■ Recorded information ■
################

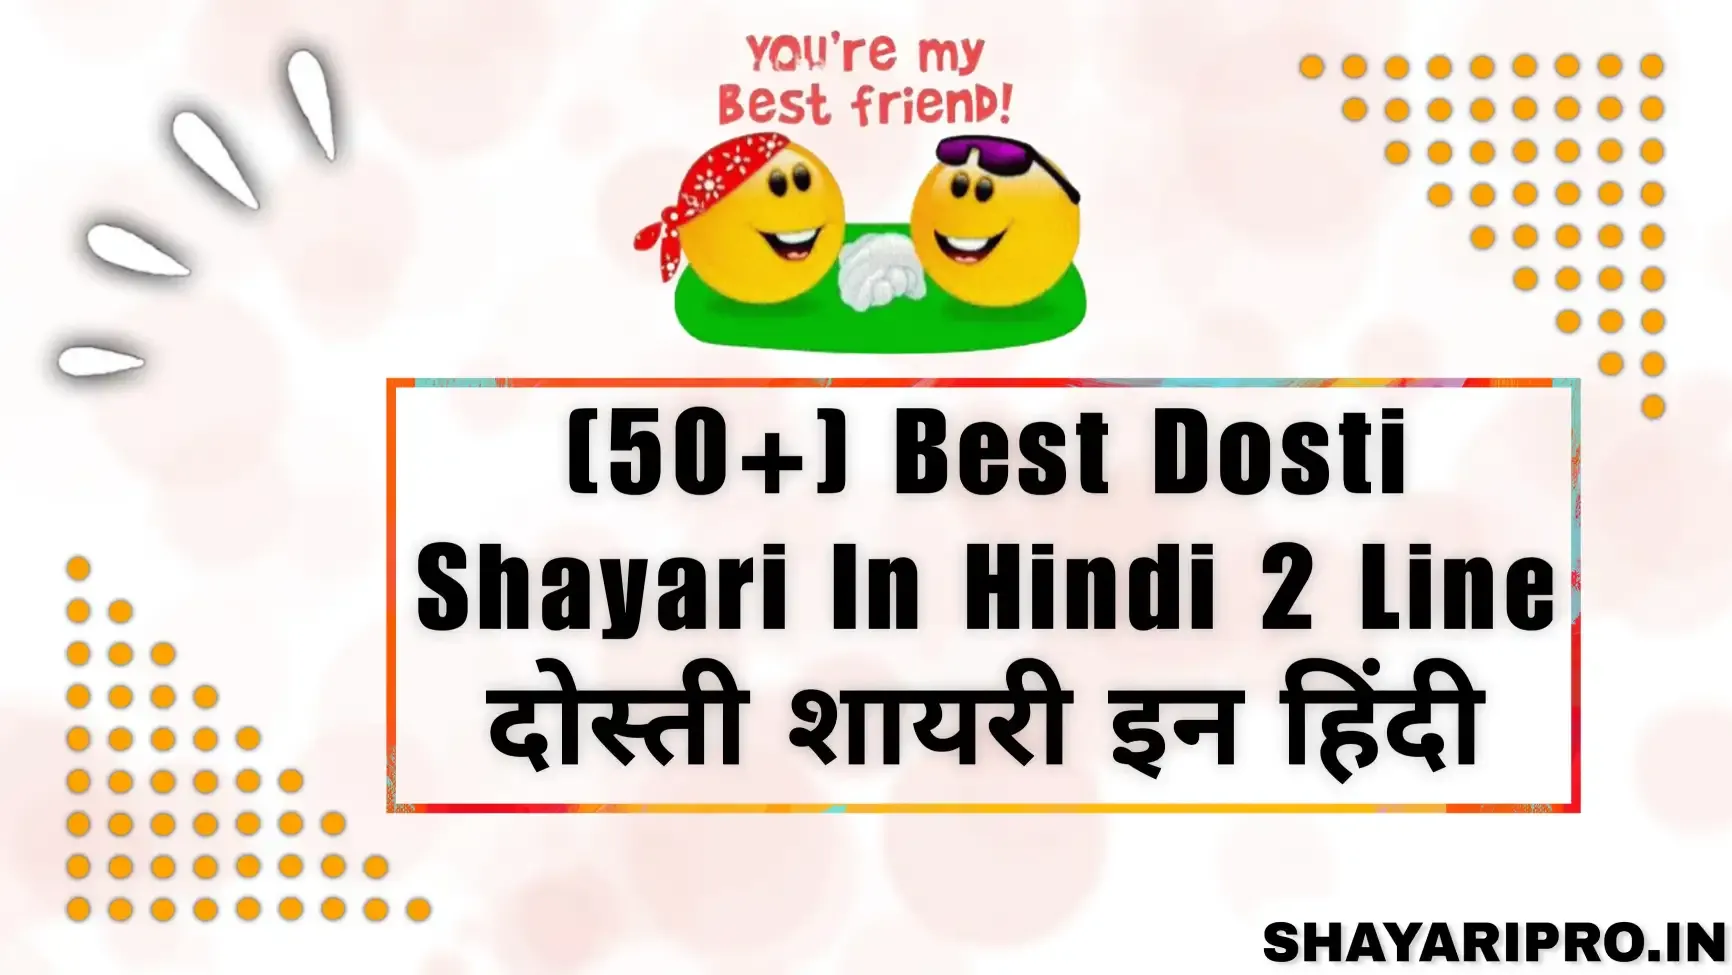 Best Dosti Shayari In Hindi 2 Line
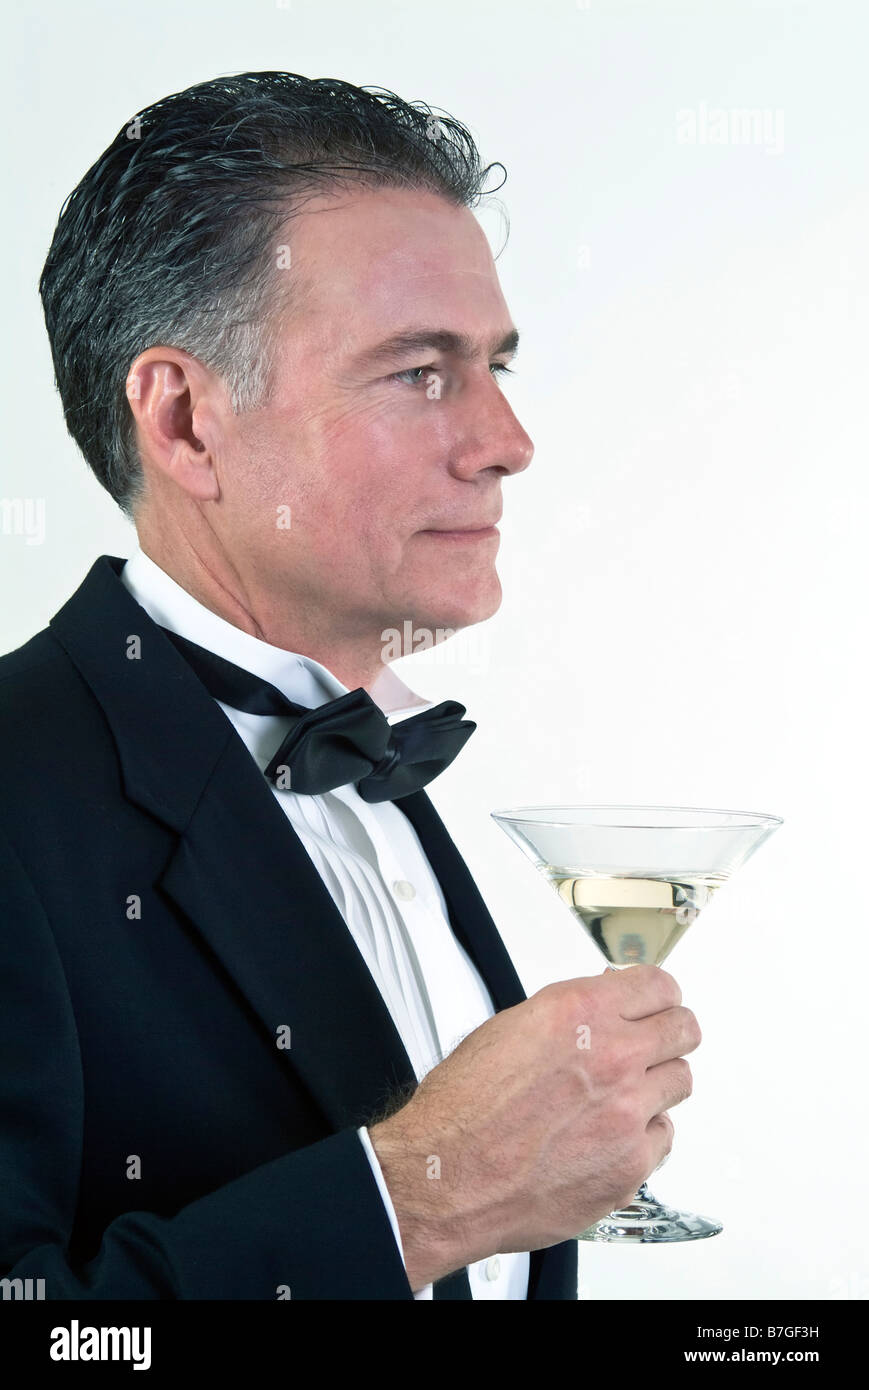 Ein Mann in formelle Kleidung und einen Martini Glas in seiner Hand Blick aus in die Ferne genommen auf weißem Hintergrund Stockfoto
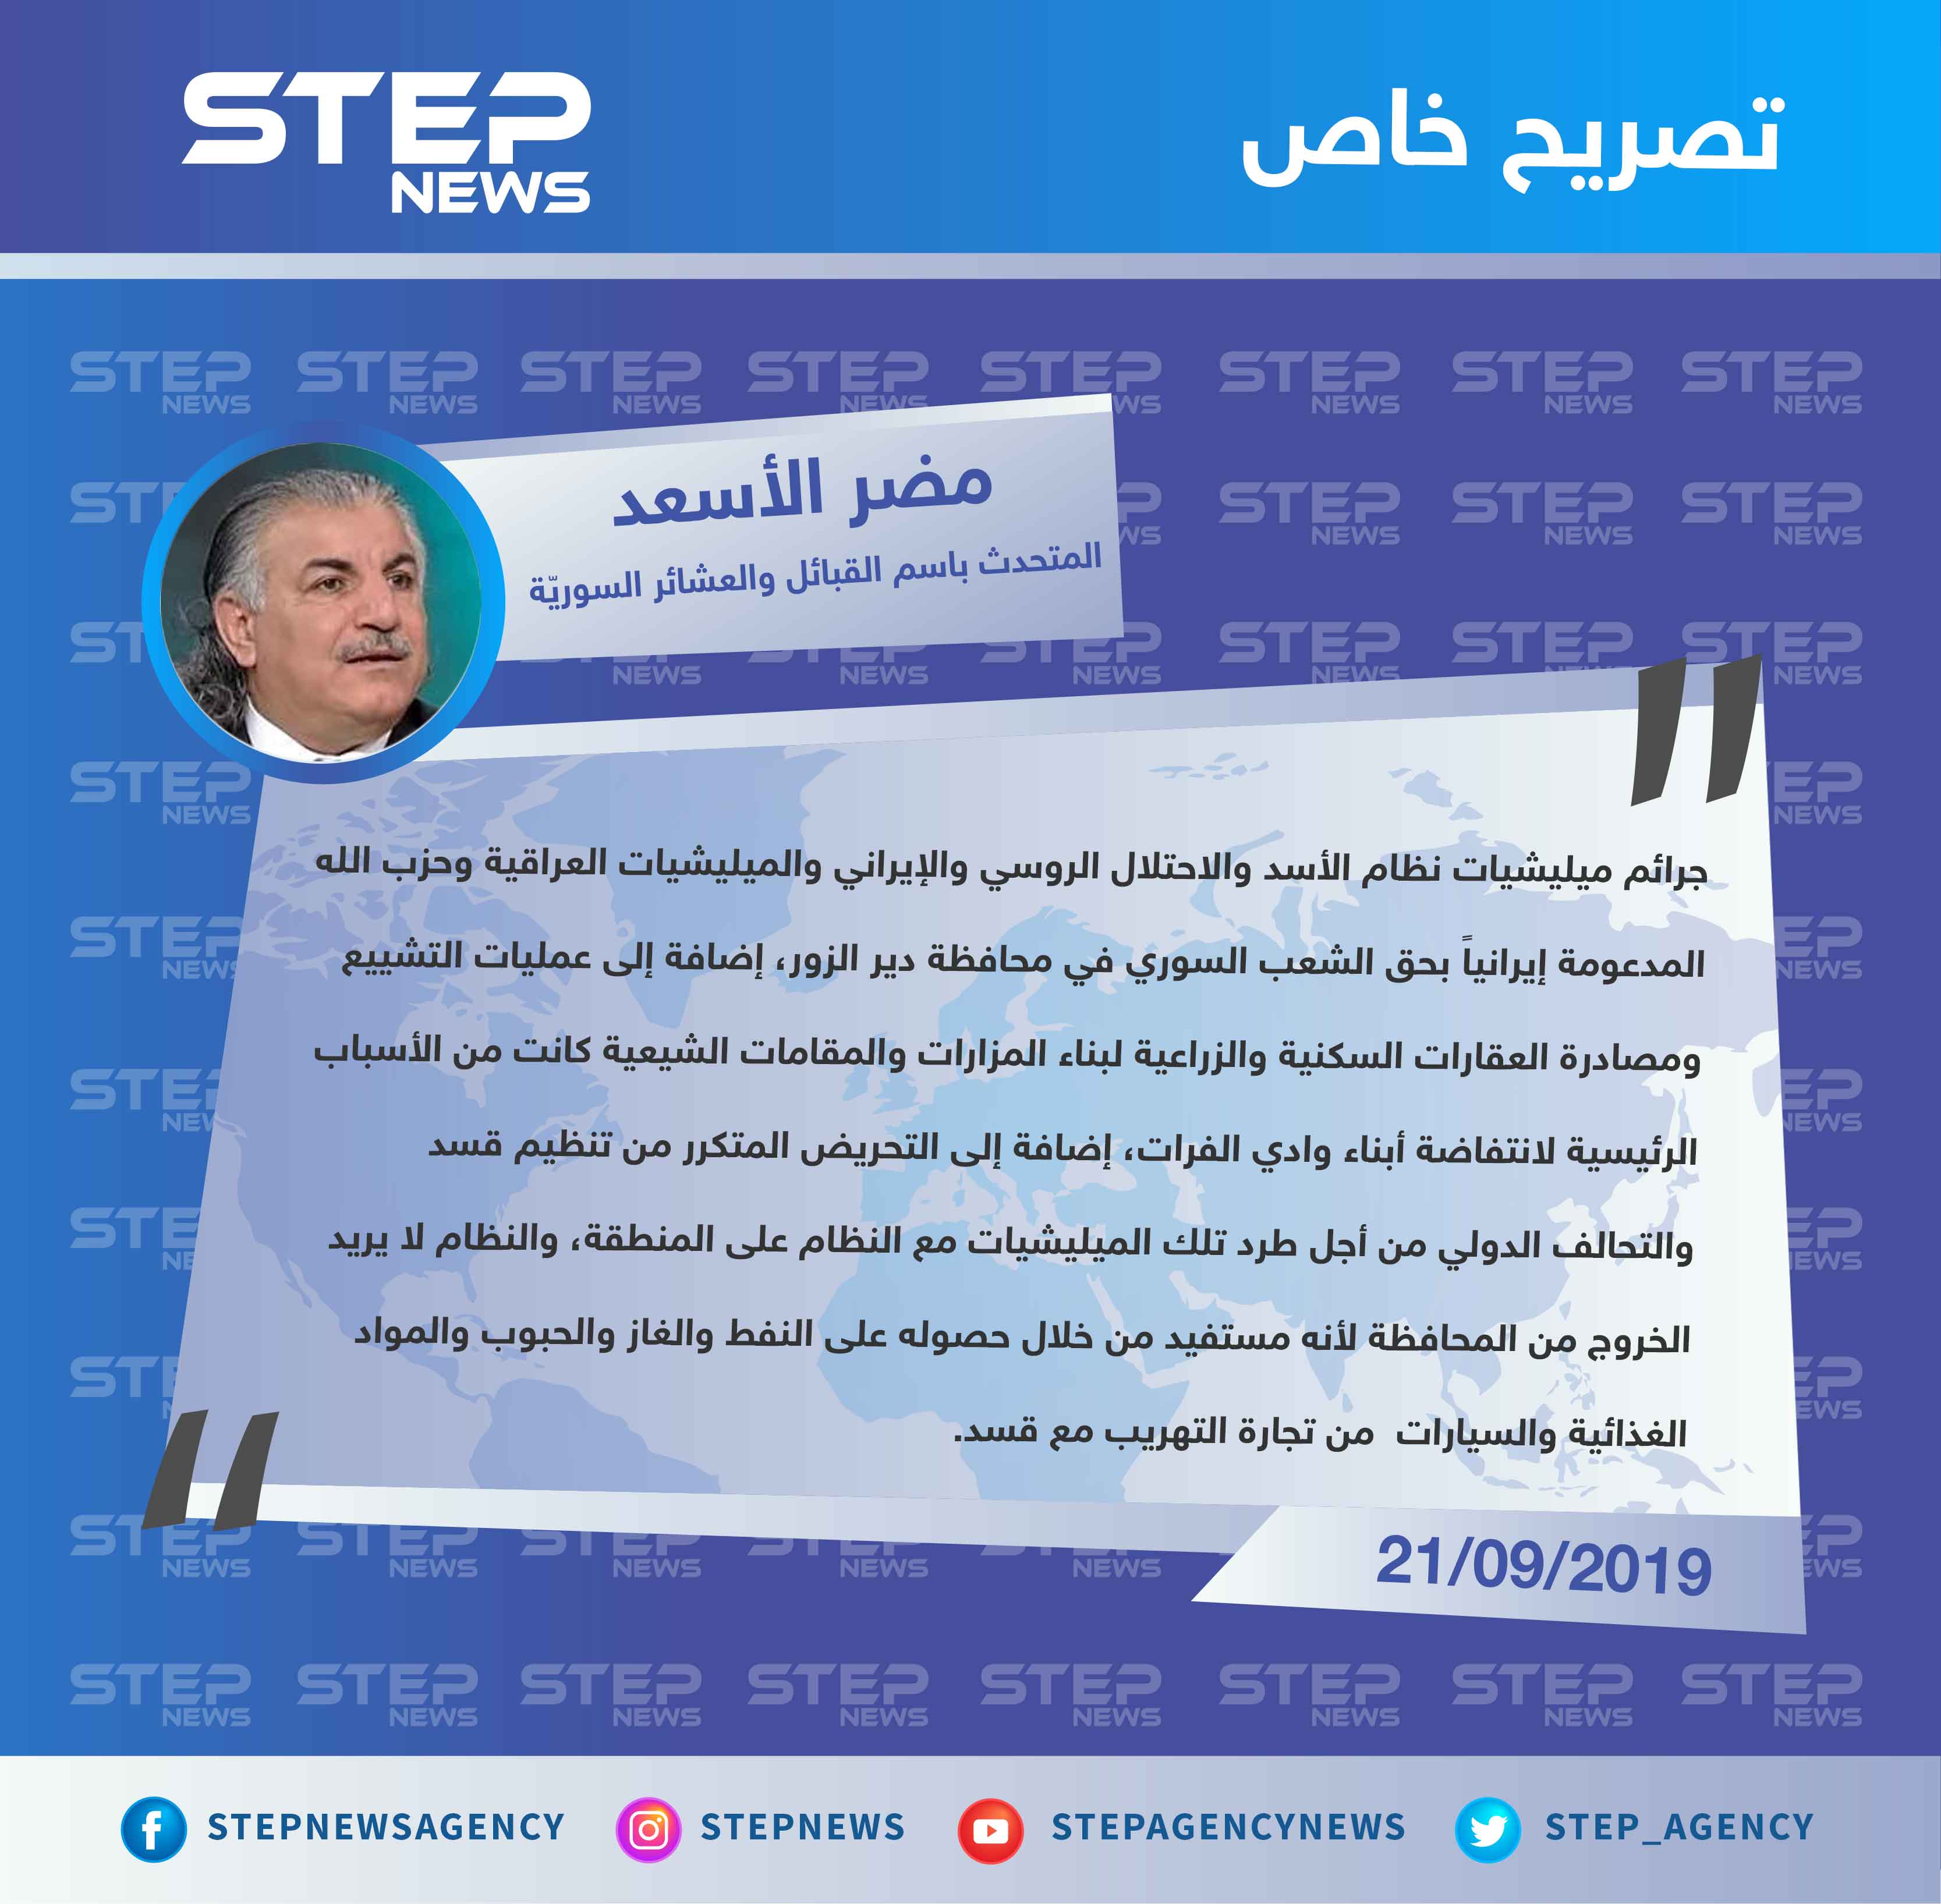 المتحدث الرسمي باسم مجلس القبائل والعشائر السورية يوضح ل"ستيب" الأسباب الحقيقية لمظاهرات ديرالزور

################

■ Work to complete ■
Please write out, word for word, each line from the one with "Ein Mann in" to the last line of the data, keeping both ends and omitting pictures.

■ Response to this exercise ■
 Ein Mann in formelle Kleidung und einen Martini Glas in seiner Hand Blick aus in die Ferne genommen auf weißem Hintergrund Stockfoto
 المتحدث الرسمي باسم مجلس القبائل والعشائر السورية يوضح ل"ستيب" الأسباب الحقيقية لمظاهرات ديرالزور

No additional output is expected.